April 23, 2015 by The Insurance 411Leave a Comment

Stop-Loss Insurance

Stop loss insurance protects self-insured employers by limiting the amount they have to pay out for employee health claims.

Fifty-five percent of plan sponsors surveyed reported having at least one plan participant with claims that exceeded $500,000 in the last two policy years. Twenty-three percent reported a claimant in excess of $1 million, with 9 percent of those in excess of $1.5 million. (Source: 2014 Aegis Risk Medical Stop Loss Premium Survey).

Stop loss insurance, a type of reinsurance, protects self-insured employers by limiting the amount they have to pay out for employee health claims. Two types of stop loss coverage exist: one covers risks on an individual participant level; the other covers them on the group level.

Individual stop loss, or specific deductible stop loss protects you from large claims from an individual. If an individual’s claims reach a specific dollar amount, the reinsurer will pay that person’s claims for the rest of the plan year.

Aggregate stop loss limits the employers’ liability for the entire group to a specified dollar amount during a specified period, usually either a plan year or month. If your claims reach the “attachment point,” the reinsurer will pay claims over that amount. More employers buy specific stop loss coverage, since it protects them from unforeseen high-dollar medical claims on an individual.

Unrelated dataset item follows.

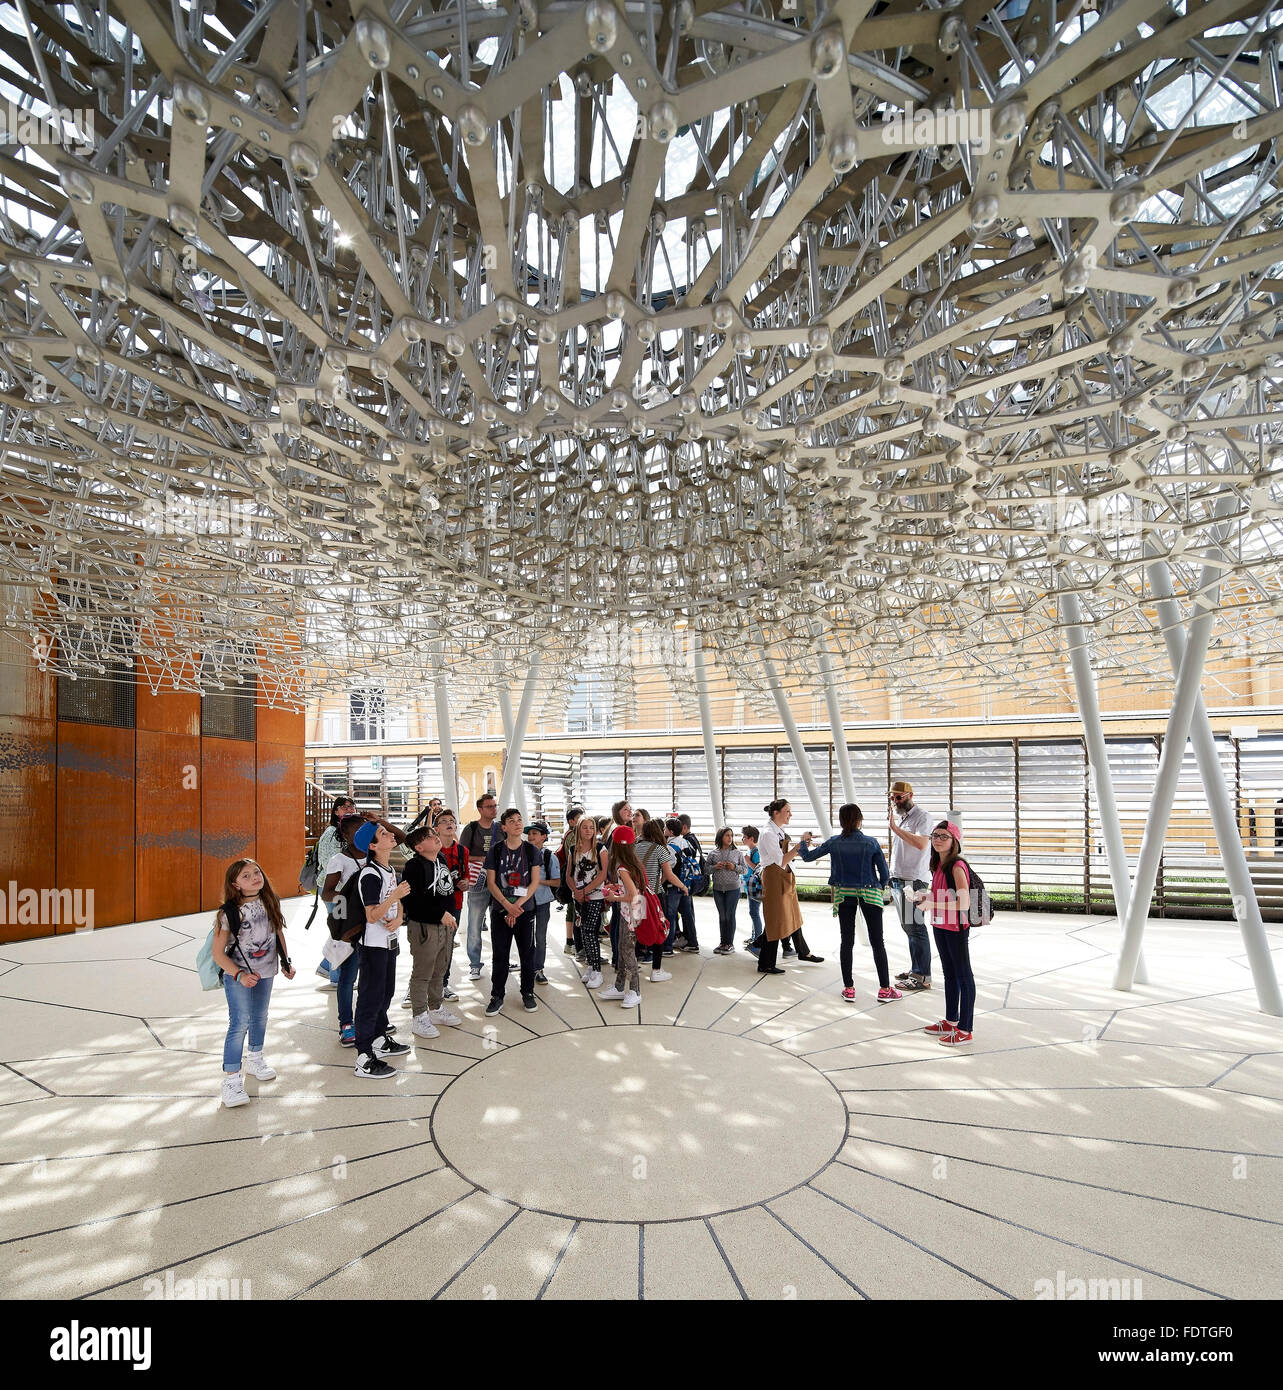 Terrasse avec les visiteurs sous la structure de défaisance. L'Expo Milan 2015, UK Pavilion, Milan, Italie. Architecte : Wolfgang Buttress, 2015. Banque D'Images
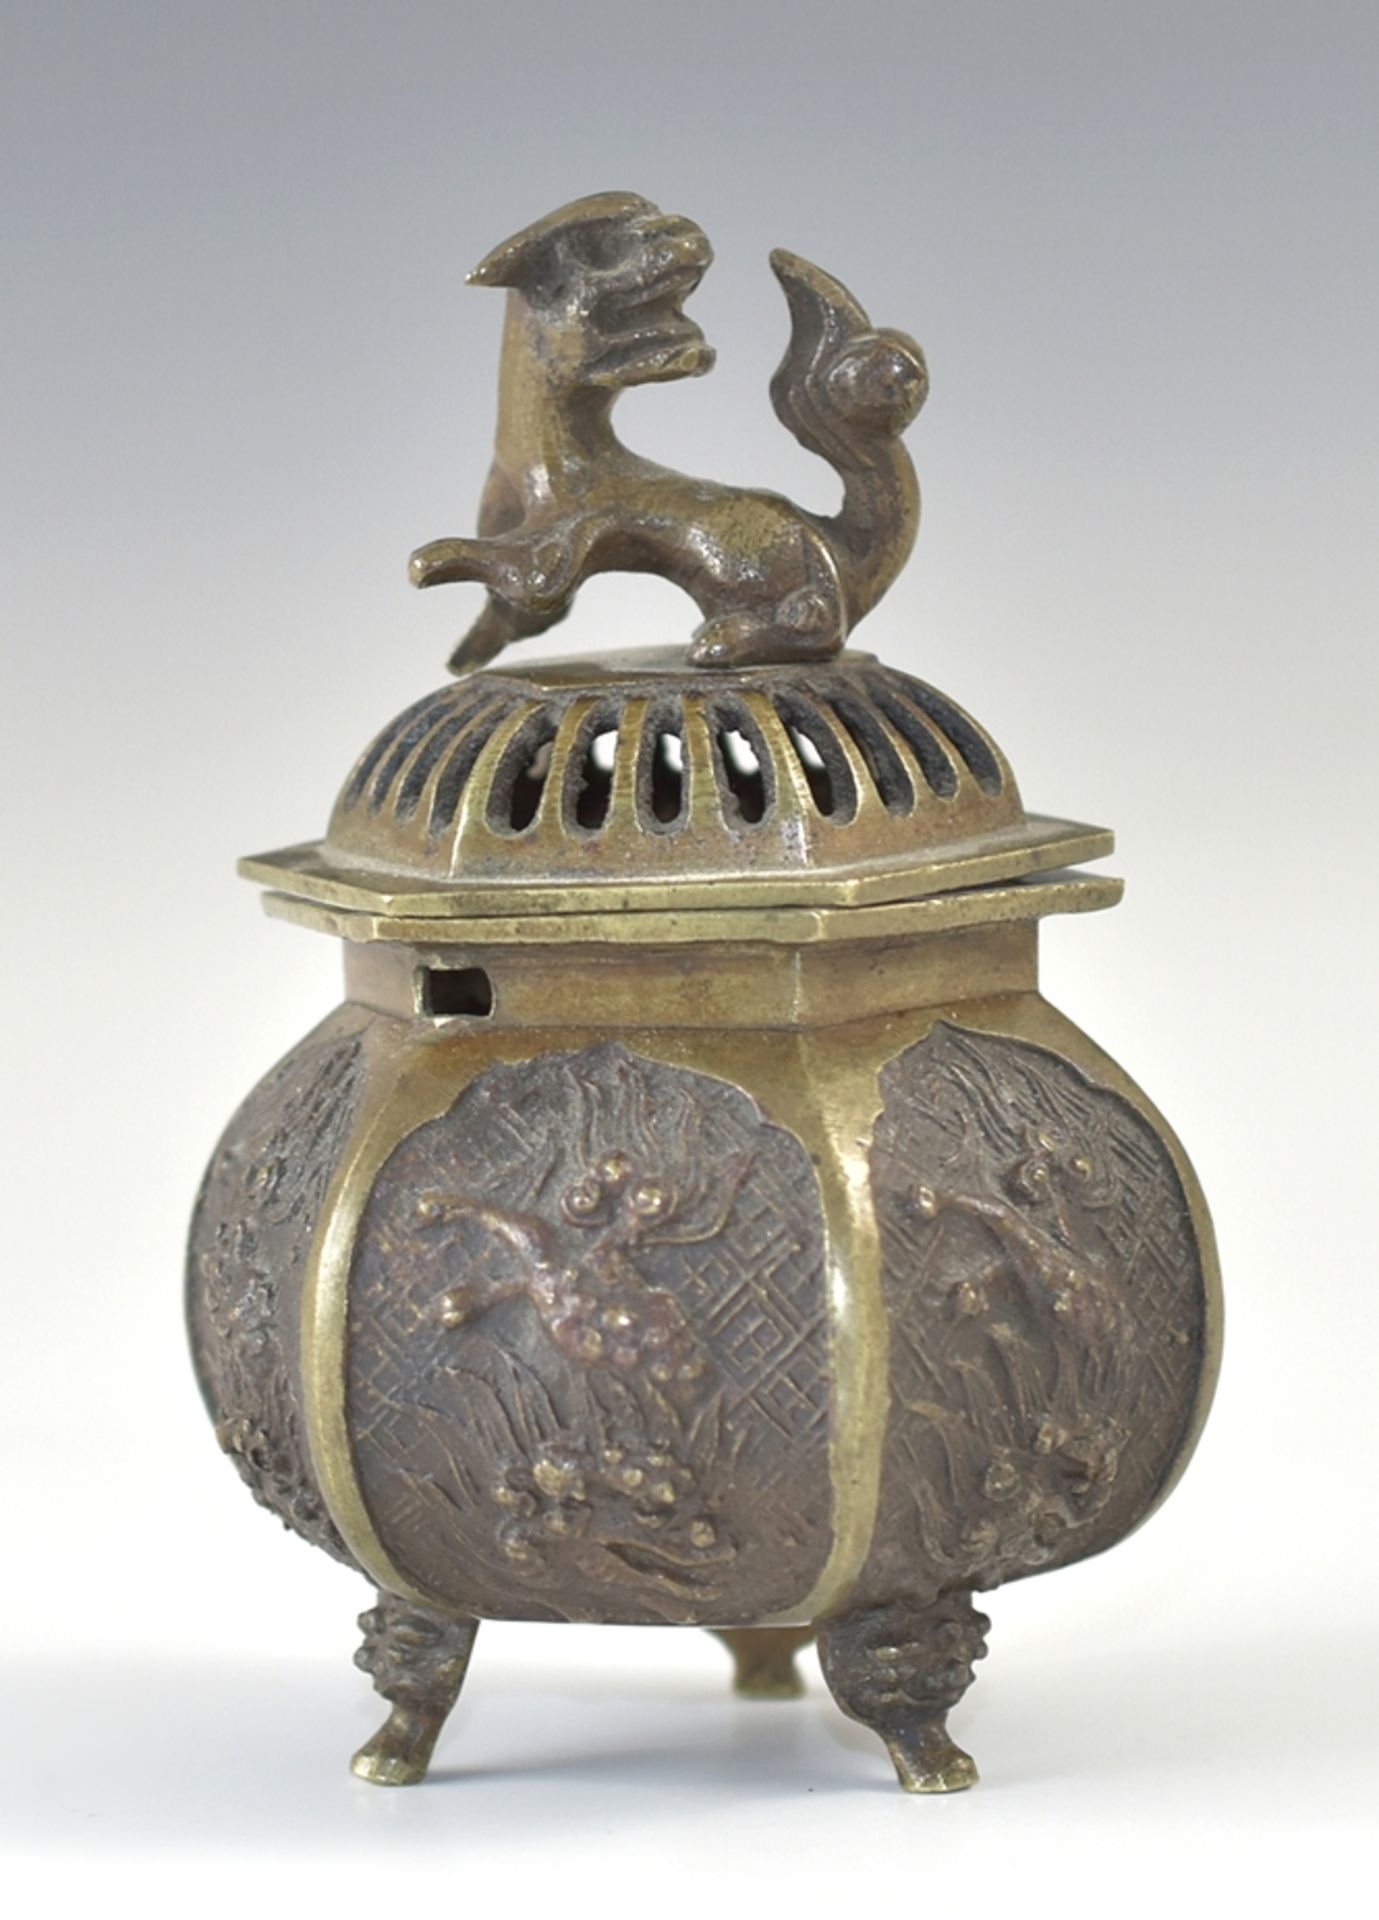 Hexagonales Räuchergefäß auf drei Füßen. Reliefdekor. Bronze. China. H 11,5 cm

Unlike other types of policies, where the insurer specifies deductible levels, stop loss insurers allow the insured to select a loss limit, or attachment point, based on its budget. Attachment amounts typically range from 15 to 25 percent above expected claims.

How Much Does It Cost?

Stop loss premiums vary widely due to varying deductible size. Aegis found that premiums in 2014 averaged from $102.52 per employee per month (PEPM) for a $100,000 individual deductible to $13.43 PEPM for a $500,000 individual deductible.

Note that a stop-loss policy is a contract between the carrier and the employer, not a health policy. This means the pre-existing condition and guaranteed renewability requirements that apply to health insurers do not apply to stop-loss insurers. Stop-loss insurers can refuse coverage or drop coverage if a group experiences too many claims. Current Affordable Care Act regulations would allow a group to go back to a fully insured arrangement should this happen.